Aisha, #5
I went home to visit my family in New Jersey a few weeks ago. I took a Thursday and Friday off and took the train down and had a really nice time. I got a massage and made a pie and put together some boxes of books to put on the shelves of the all! new! condo! that is in the middle of being fixed up and that we will maybe be able to move into by Thanksgiving. *snort*
And on Friday, my mother and little sister drove down to Princeton to visit my wee brother (who is 6 something and who could kick my ass) at Princeton U. (PU! HAH! William, you stink!)
So I finally got to see what one of the other Ivies looks like and my god. Hogwarts has nothing on this place. Cobblestones and arches and so many Gothic thingies you'd think the vampires would be having a field day on the quad come midnight.
We all drove off campus at wee brother's insistence (no! No more Princeton campus food! NO!) and went to dinner at the ever so classy Macaroni Grill.
Don't get me wrong. The Macaroni Grill is a very good default place to have dinner, and the food actually doesn't suck, so I'm fairly pro that. But (sorry) living in Boston has sensitized me to the relative quality of Italian food--and Macaroni Grill is pretty low on the scale.
Enough backstory! We are eating dinner at the Grill. And in the middle of this, the little sis lets drop that Mr. Owens is dead.
Blink. Blink blink blink.
Mr. Owens. Good old James P. Finally kicked the bucket. Bought a worm farm. Conked out.
See, James P. had a bum ticker. Just couldn't keep pounding out the beats. And he and I had a bit of a falling out round about eighth grade, when due in no small part to his intervention in what was none of his goddamn business, I decided that the whole Catholicism thing just couldn't cut the mustard for me anymore.
James P. was my religion teacher, and so a falling out with him meant a falling out with God, the Roman Catholic Church, religion in general, and--well, pretty much everything I'd ever been taught to believe. Nobody ever said I did things by halves, and this was a pretty spectacular falling out.
And, being the perfect student, I always gave my teachers presents at Thanksgiving, Christmas, Easter, etc. Name the holiday, and chances were I was forking something over to maintain my average. Not like I needed it, but a little extra sucking up never hurt anyone. (Except for that one guy. The one Trump fired. Dude, that was awesome.)
The default gift was fudge. The night before a holiday filled the kitchen with the smell of melted chocolate and marshmallow fluff as Mom and I would make huge bricks of fudge, filling the whole kitchen table with the assembly line of fudge production. 4 kids, 2 to 7 teachers apiece, plus music teachers and gym teachers and drama teachers and French horn teachers and everybody else--we made a lot of fudge.
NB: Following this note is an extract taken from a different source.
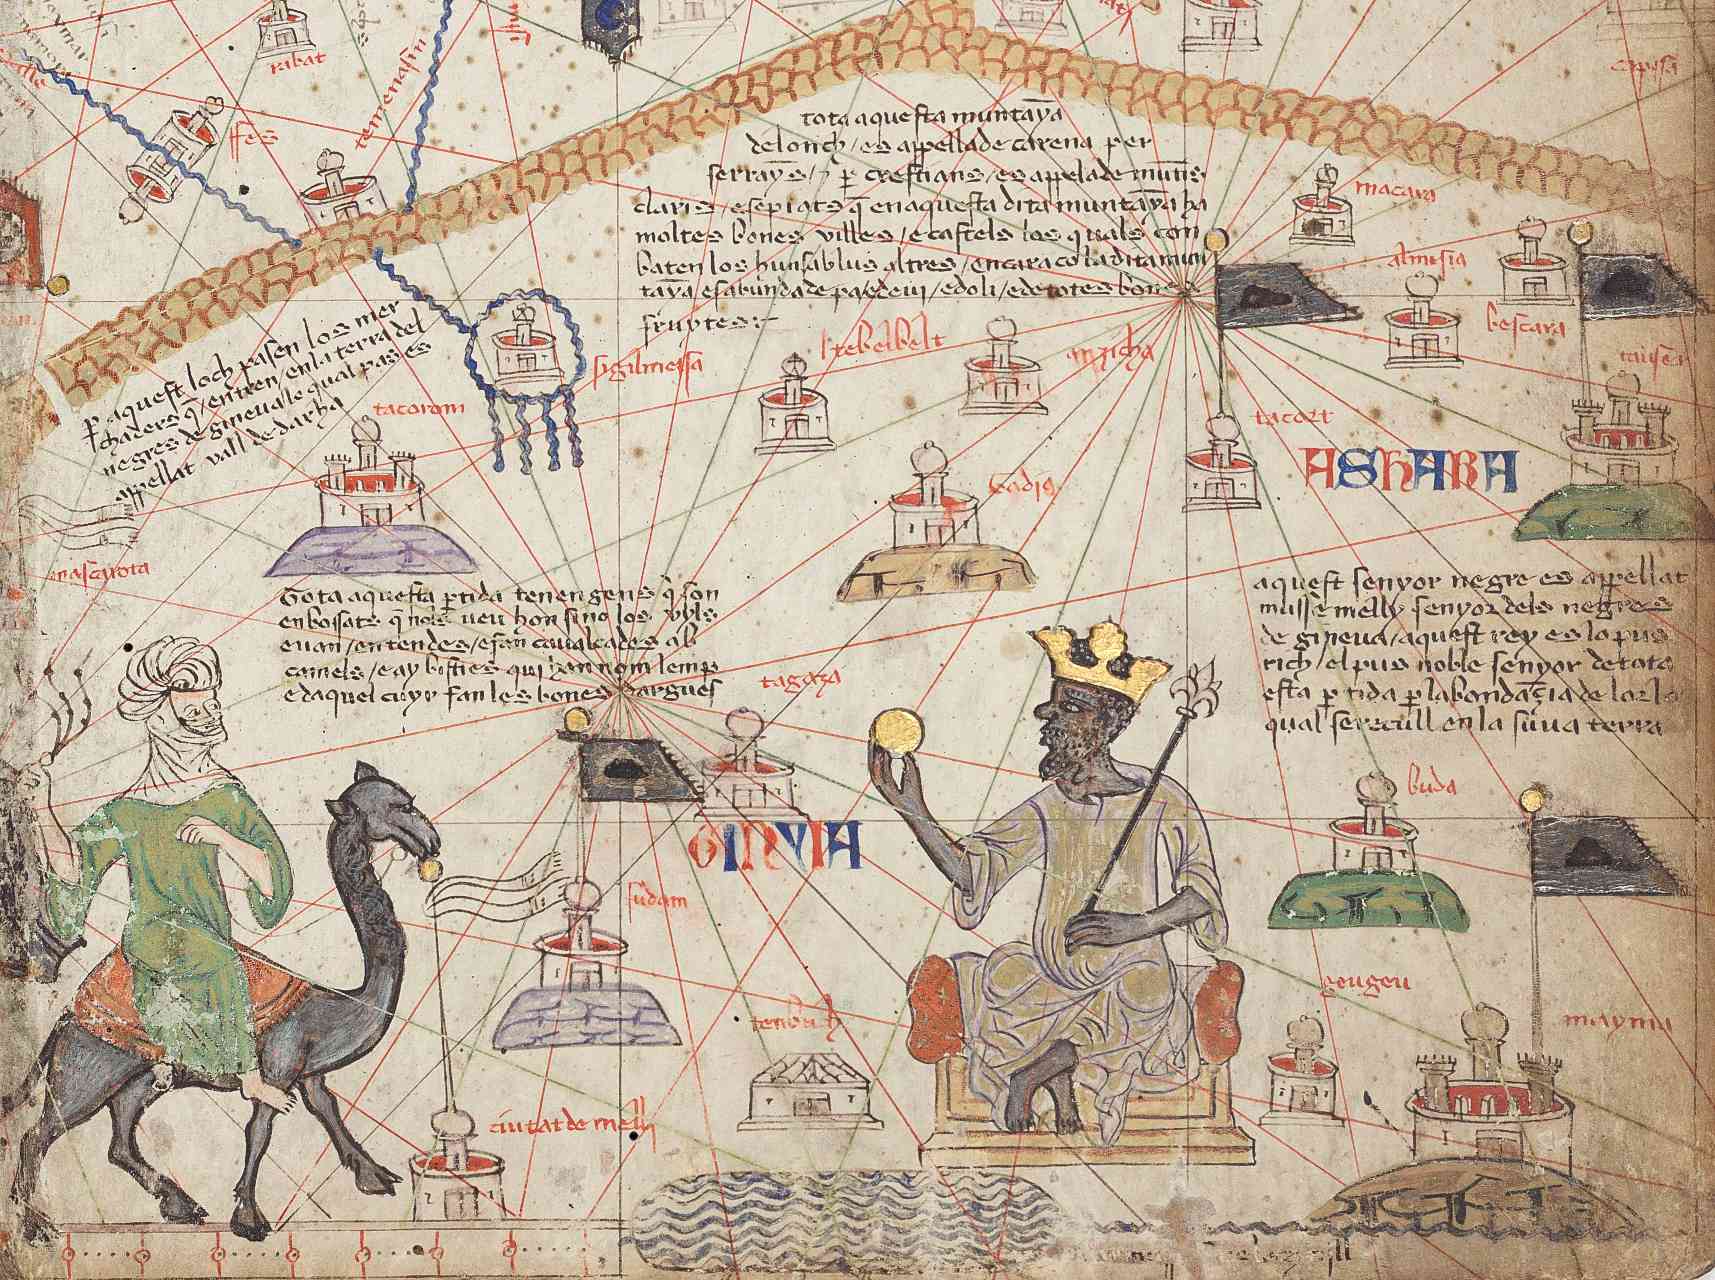 Détail de la feuille 6 de l'Atlas catalan montrant le Sahara occidental. Les montagnes de l'Atlas sont en haut et le fleuve Niger en bas. Mansa Musa est représenté assis sur un trône et tenant une pièce d'or.

James P., due to the bum ticker, always got something else. A nice candle or a tie or something a tiny bit healthier than fudge.
And post-falling-out, pre-start-of-Easter-vacation for eighth grade, Mom asks me if I'm still giving presents to teachers.
"Sure. I guess so."
"And will you be making something special for Mr. Owens this year?"
An awful, wicked, evil thought enters my mind. A thought that is clearly dredged up from the blackest part of the deepest marsh in my wicked, wicked, wicked soul.
"Give him fudge."
Deep black fudge, with two sticks of butter and a whole can of marshmallow fluff. Fudge with chocolate and nuts. UltraChocolate Fudge of Doom!
I picked out the biggest two pieces to give to him.
Seven and a half years later, he dies of a heart attack.
I need to find faster ways of doing people in.
Comments
I said that? I must be losing my touch at making my sister suffer, since I managed to cause such glee in your life. But yes, your assassination attempts are rather slow acting... if you tried to kill me now, I wouldn't die until I was out of college (oh the horror!)